## Directions for this task
Quote exactly, and only, the lines from the one containing "Sci fi games." through the end of the material below. Skip pictures.

## Recorded data
- Opening Delimiter -
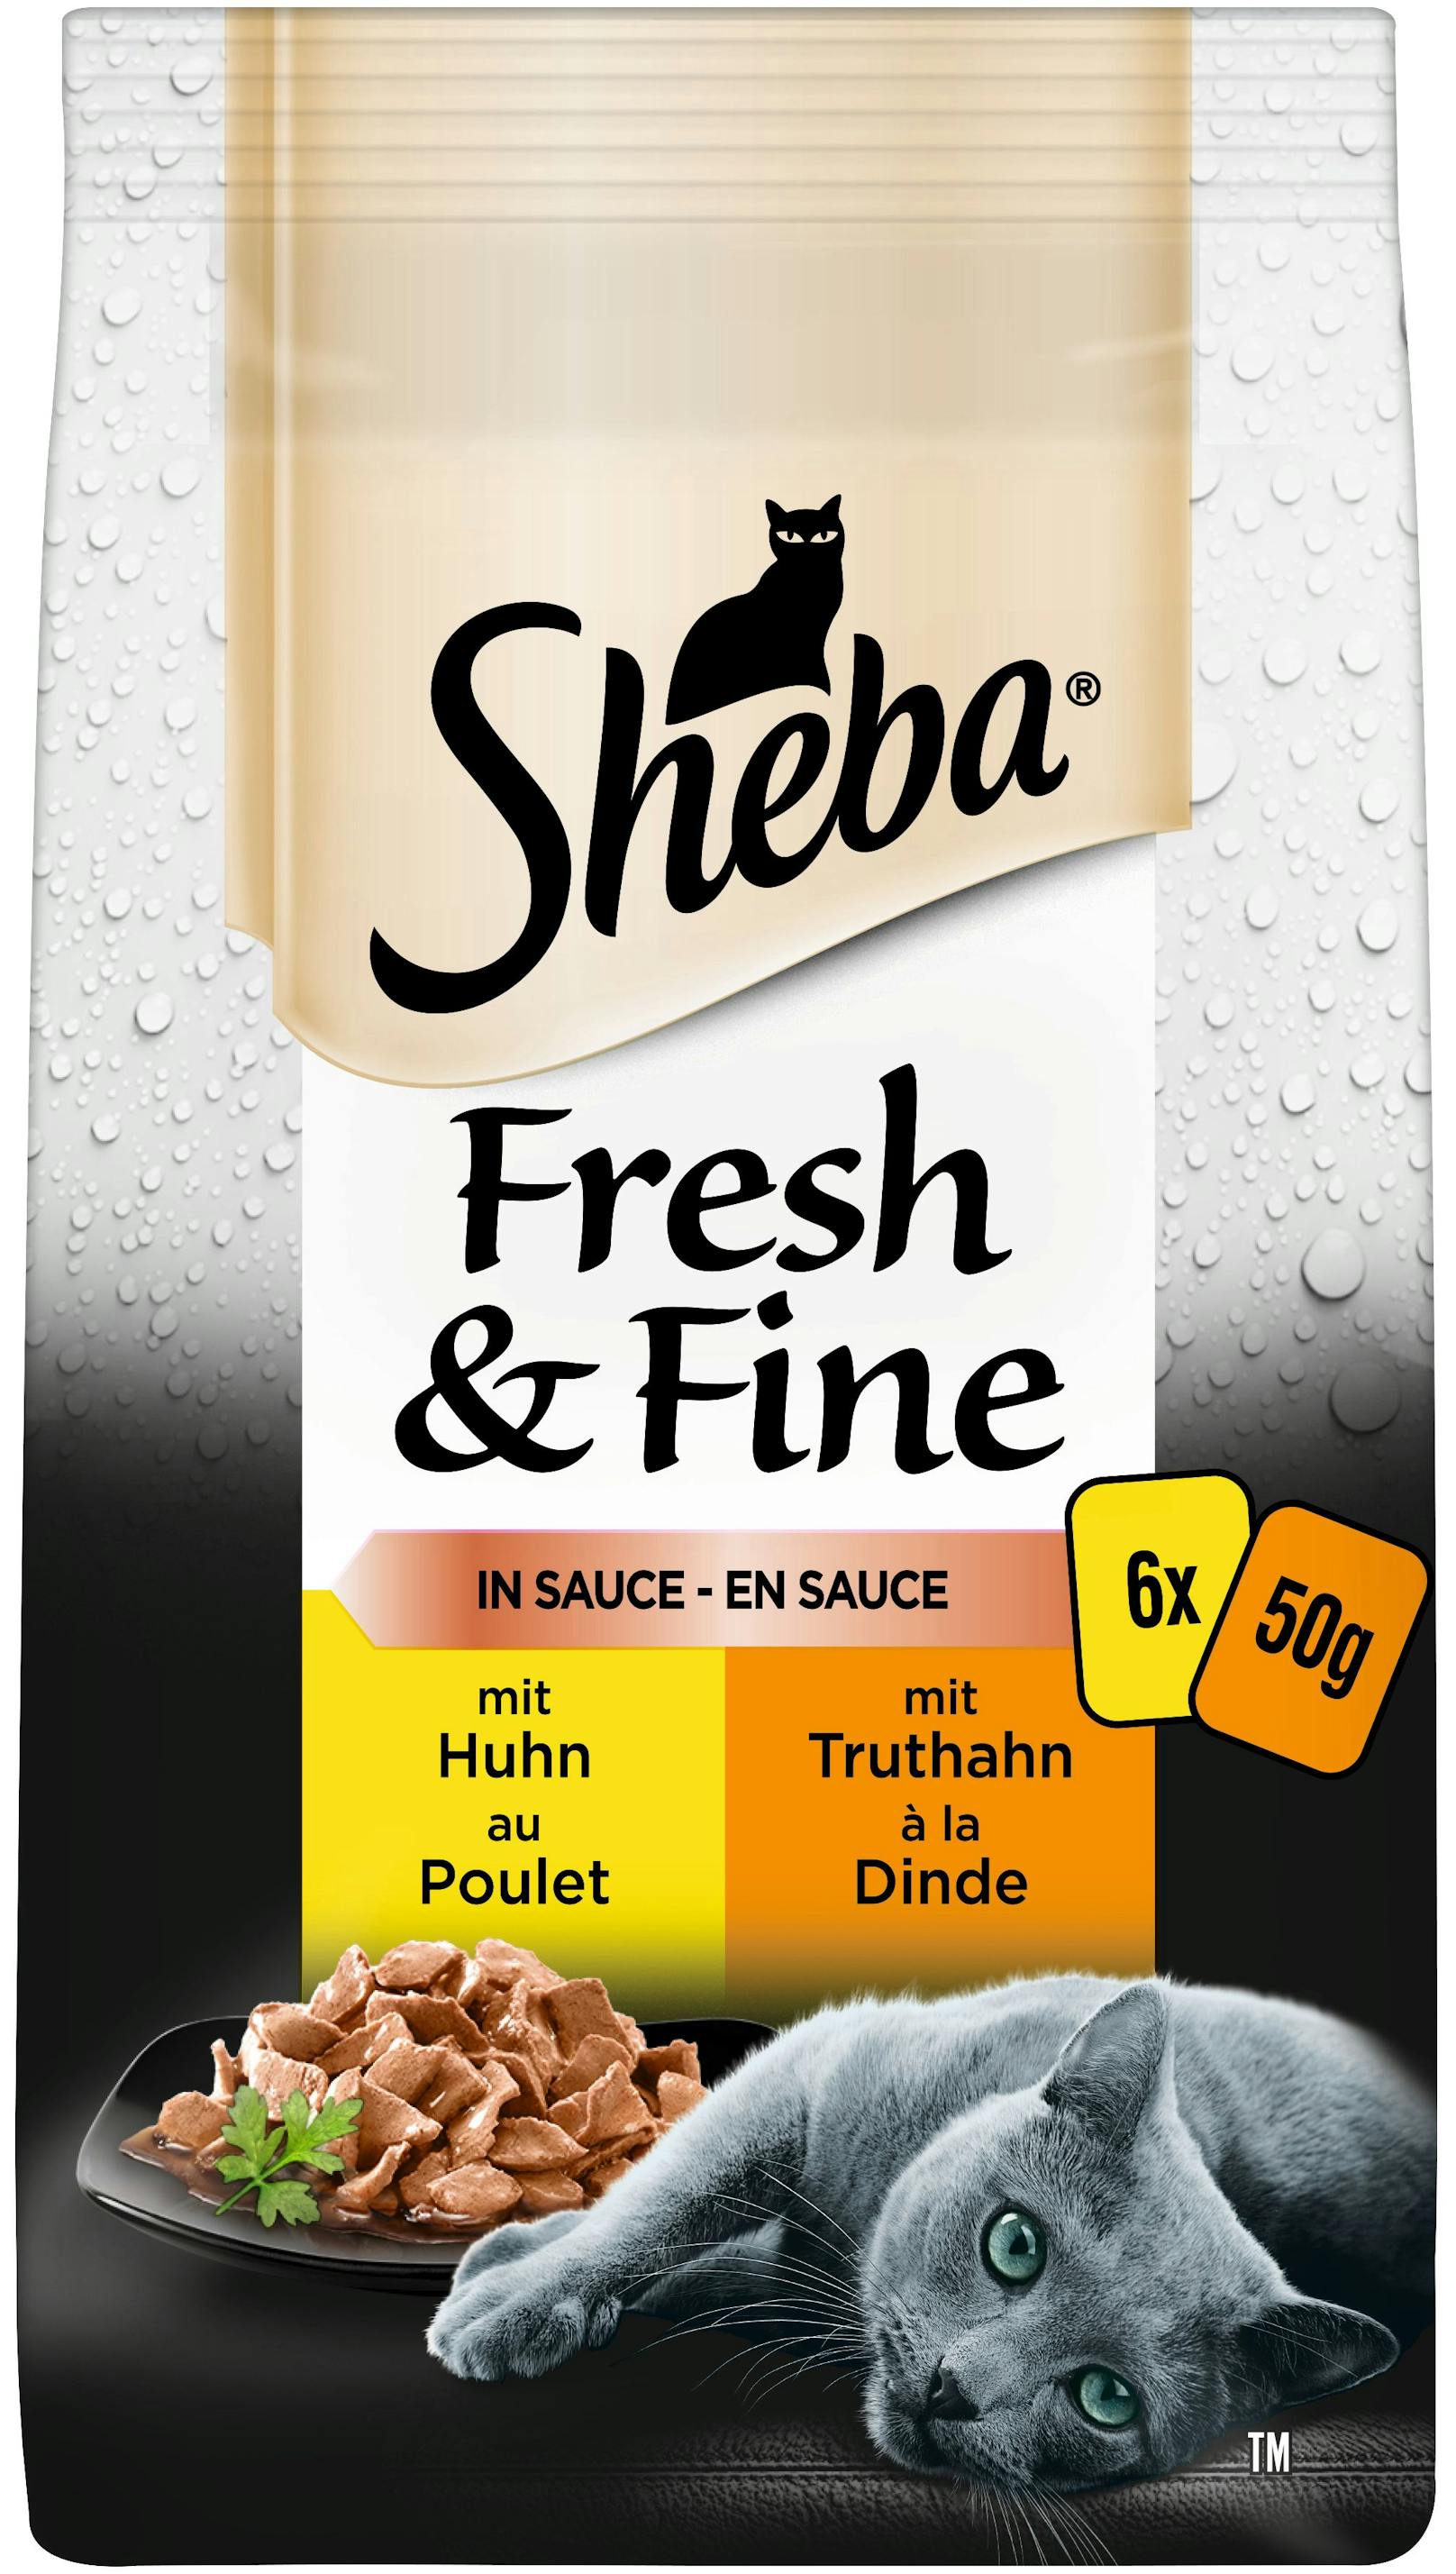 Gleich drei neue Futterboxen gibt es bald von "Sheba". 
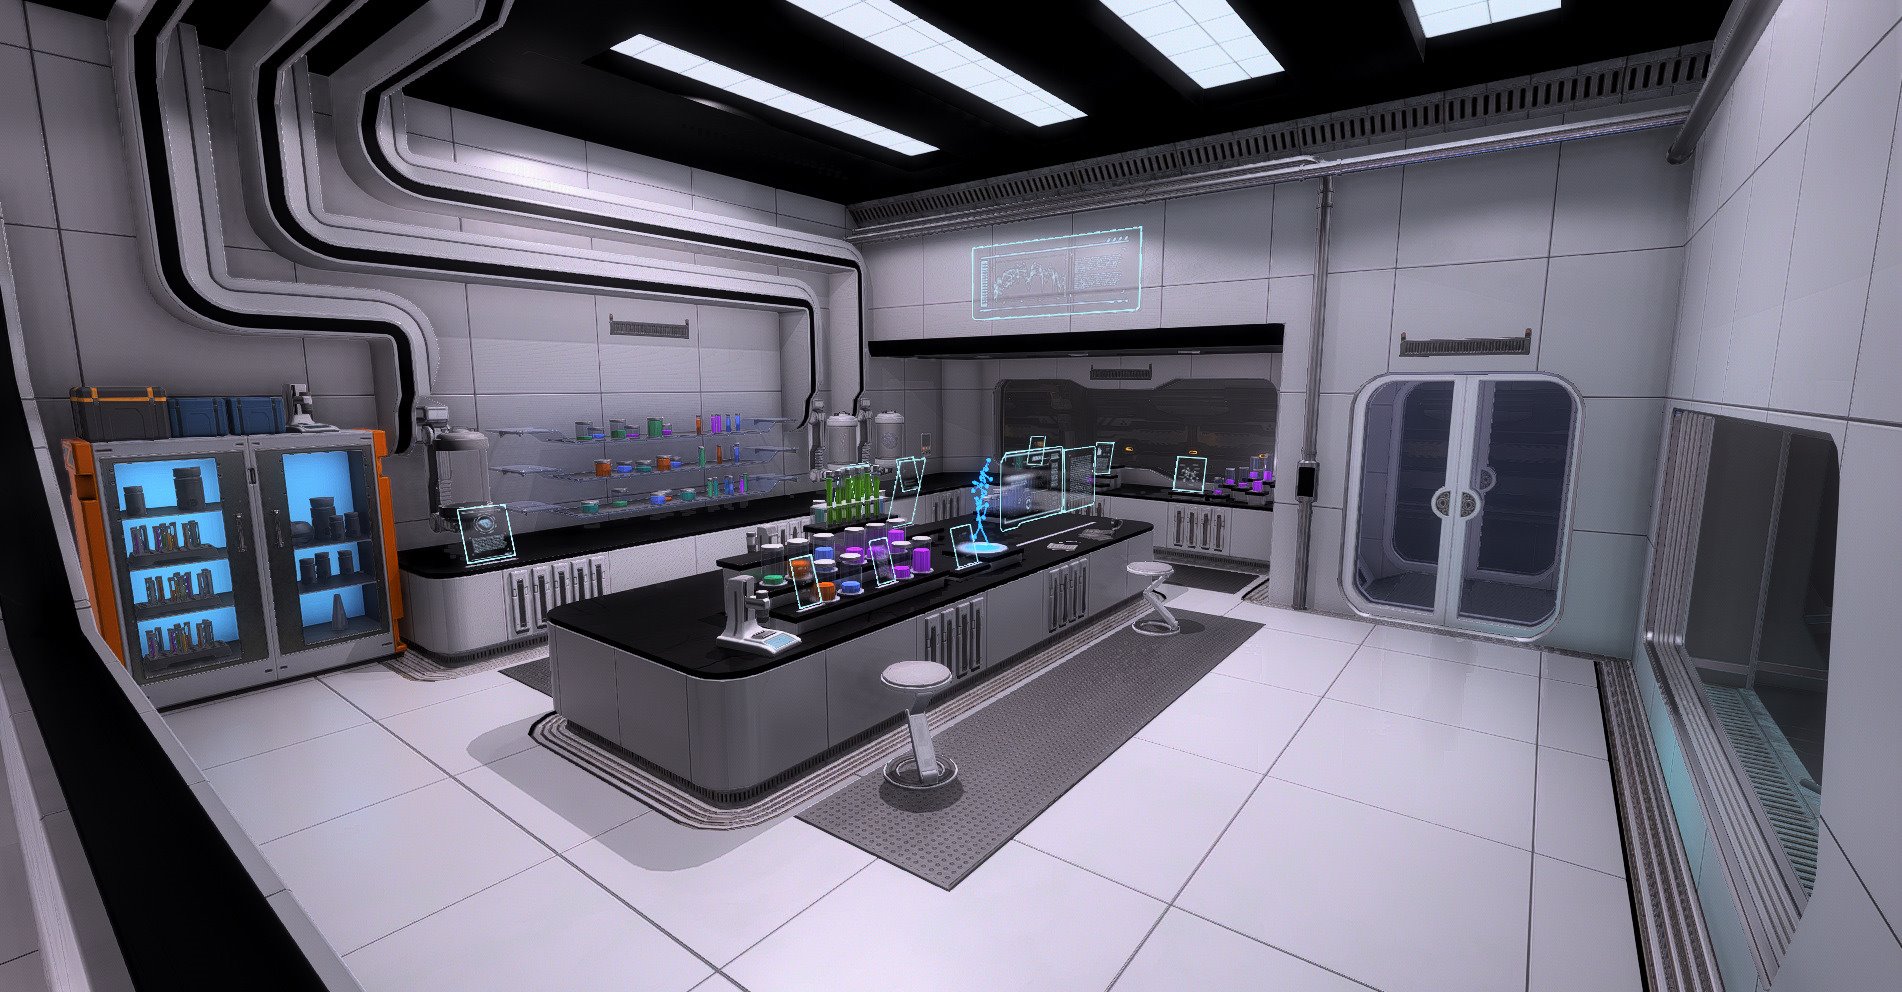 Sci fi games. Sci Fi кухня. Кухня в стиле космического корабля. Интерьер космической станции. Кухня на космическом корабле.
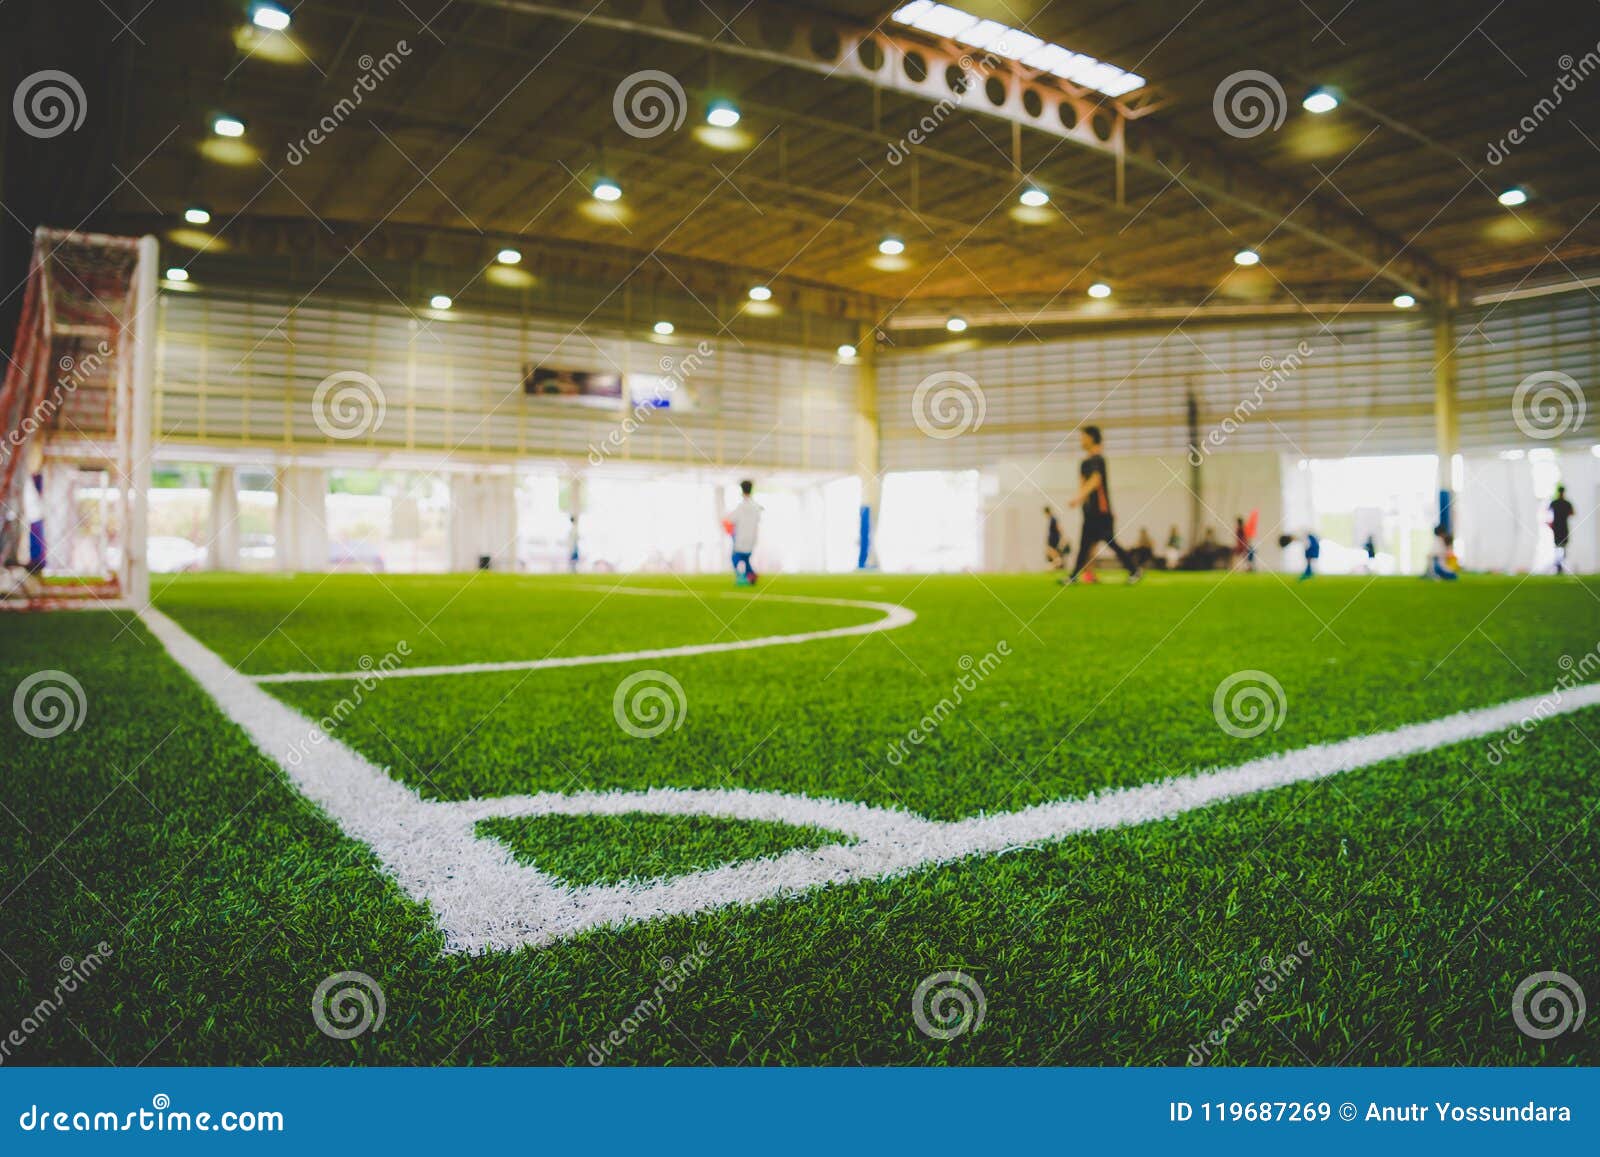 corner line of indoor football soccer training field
- Closing Delimiter -
## Solved exercise
 Sci fi games. Sci Fi кухня. Кухня в стиле космического корабля. Интерьер космической станции. Кухня на космическом корабле.
 corner line of indoor football soccer training field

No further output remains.